** Recorded information follows **

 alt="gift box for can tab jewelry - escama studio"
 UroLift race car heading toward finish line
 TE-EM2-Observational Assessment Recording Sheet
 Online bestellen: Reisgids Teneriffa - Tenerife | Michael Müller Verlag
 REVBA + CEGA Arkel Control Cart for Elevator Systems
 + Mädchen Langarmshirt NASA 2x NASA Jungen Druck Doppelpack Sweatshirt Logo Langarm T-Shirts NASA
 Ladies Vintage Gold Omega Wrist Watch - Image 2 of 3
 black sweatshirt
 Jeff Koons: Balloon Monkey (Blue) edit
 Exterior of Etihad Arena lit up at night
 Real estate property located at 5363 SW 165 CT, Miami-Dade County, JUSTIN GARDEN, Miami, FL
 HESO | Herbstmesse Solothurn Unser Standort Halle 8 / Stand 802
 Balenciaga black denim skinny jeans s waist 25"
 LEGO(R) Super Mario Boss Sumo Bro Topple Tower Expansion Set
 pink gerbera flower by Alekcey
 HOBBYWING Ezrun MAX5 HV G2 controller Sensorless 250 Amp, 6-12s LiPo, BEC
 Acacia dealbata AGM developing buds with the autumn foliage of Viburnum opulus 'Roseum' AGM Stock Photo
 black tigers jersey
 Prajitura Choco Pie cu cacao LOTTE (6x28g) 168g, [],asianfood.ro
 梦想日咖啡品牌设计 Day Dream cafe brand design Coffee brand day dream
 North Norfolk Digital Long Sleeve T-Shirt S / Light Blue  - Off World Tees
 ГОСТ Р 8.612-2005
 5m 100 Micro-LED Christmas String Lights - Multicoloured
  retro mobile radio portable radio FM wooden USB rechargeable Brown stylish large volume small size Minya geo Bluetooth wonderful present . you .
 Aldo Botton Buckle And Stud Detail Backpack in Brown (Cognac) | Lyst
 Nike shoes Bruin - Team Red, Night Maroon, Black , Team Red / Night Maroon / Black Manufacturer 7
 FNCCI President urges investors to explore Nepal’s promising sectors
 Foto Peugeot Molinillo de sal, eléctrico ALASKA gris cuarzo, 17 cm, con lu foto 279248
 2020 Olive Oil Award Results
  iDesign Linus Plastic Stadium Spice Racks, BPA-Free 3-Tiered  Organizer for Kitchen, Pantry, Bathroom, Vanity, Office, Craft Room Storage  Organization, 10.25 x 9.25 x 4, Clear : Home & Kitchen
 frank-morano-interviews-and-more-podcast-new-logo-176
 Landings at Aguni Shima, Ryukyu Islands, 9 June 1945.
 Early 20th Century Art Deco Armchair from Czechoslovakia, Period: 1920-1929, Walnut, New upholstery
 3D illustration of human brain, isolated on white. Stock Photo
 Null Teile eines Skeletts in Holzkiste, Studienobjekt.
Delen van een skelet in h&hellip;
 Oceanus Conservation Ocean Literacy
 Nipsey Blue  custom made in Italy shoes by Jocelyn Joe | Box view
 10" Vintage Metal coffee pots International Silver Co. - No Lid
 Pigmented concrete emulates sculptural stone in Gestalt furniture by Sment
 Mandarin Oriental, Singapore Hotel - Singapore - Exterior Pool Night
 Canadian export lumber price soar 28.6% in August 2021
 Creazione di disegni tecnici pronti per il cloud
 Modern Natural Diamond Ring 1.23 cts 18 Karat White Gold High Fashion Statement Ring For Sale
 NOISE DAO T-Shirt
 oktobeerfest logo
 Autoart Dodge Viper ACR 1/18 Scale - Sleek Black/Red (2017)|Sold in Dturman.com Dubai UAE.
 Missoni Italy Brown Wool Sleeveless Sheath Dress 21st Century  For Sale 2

** End of Recorded information **

Taking the entries above, write out exactly each line from the one holding "UroLift race car heading toward finish line" to the one holding "Aldo Botton Buckle", both included, and stop there.

Exercise output:
 UroLift race car heading toward finish line
 TE-EM2-Observational Assessment Recording Sheet
 Online bestellen: Reisgids Teneriffa - Tenerife | Michael Müller Verlag
 REVBA + CEGA Arkel Control Cart for Elevator Systems
 + Mädchen Langarmshirt NASA 2x NASA Jungen Druck Doppelpack Sweatshirt Logo Langarm T-Shirts NASA
 Ladies Vintage Gold Omega Wrist Watch - Image 2 of 3
 black sweatshirt
 Jeff Koons: Balloon Monkey (Blue) edit
 Exterior of Etihad Arena lit up at night
 Real estate property located at 5363 SW 165 CT, Miami-Dade County, JUSTIN GARDEN, Miami, FL
 HESO | Herbstmesse Solothurn Unser Standort Halle 8 / Stand 802
 Balenciaga black denim skinny jeans s waist 25"
 LEGO(R) Super Mario Boss Sumo Bro Topple Tower Expansion Set
 pink gerbera flower by Alekcey
 HOBBYWING Ezrun MAX5 HV G2 controller Sensorless 250 Amp, 6-12s LiPo, BEC
 Acacia dealbata AGM developing buds with the autumn foliage of Viburnum opulus 'Roseum' AGM Stock Photo
 black tigers jersey
 Prajitura Choco Pie cu cacao LOTTE (6x28g) 168g, [],asianfood.ro
 梦想日咖啡品牌设计 Day Dream cafe brand design Coffee brand day dream
 North Norfolk Digital Long Sleeve T-Shirt S / Light Blue  - Off World Tees
 ГОСТ Р 8.612-2005
 5m 100 Micro-LED Christmas String Lights - Multicoloured
  retro mobile radio portable radio FM wooden USB rechargeable Brown stylish large volume small size Minya geo Bluetooth wonderful present . you .
 Aldo Botton Buckle And Stud Detail Backpack in Brown (Cognac) | Lyst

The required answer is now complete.